▸ **TASK DESCRIPTION**:
Write out the data below exactly, beginning with the first line and ending once the line that has "Ragazza adolescente ritratto" is written.

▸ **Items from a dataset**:
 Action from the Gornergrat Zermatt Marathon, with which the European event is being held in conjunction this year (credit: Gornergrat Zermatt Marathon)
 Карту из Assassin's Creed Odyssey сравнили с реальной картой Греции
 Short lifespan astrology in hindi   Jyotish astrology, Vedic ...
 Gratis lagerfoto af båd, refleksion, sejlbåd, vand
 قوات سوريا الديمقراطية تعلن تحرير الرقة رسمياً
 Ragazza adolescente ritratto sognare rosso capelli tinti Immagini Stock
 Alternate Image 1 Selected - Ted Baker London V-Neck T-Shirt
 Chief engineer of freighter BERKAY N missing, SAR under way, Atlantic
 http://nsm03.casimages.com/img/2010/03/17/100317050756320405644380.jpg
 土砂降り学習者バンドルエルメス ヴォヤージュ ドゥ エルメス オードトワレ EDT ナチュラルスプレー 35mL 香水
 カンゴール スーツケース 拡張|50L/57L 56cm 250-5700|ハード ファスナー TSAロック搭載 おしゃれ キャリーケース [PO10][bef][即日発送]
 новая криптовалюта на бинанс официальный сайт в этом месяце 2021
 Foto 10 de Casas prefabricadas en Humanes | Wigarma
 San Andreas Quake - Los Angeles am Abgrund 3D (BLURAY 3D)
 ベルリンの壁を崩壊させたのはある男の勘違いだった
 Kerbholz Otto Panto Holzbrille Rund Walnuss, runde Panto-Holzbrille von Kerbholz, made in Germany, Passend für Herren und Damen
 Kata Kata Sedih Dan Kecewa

▸ **OUTPUT**:
 Action from the Gornergrat Zermatt Marathon, with which the European event is being held in conjunction this year (credit: Gornergrat Zermatt Marathon)
 Карту из Assassin's Creed Odyssey сравнили с реальной картой Греции
 Short lifespan astrology in hindi   Jyotish astrology, Vedic ...
 Gratis lagerfoto af båd, refleksion, sejlbåd, vand
 قوات سوريا الديمقراطية تعلن تحرير الرقة رسمياً
 Ragazza adolescente ritratto sognare rosso capelli tinti Immagini Stock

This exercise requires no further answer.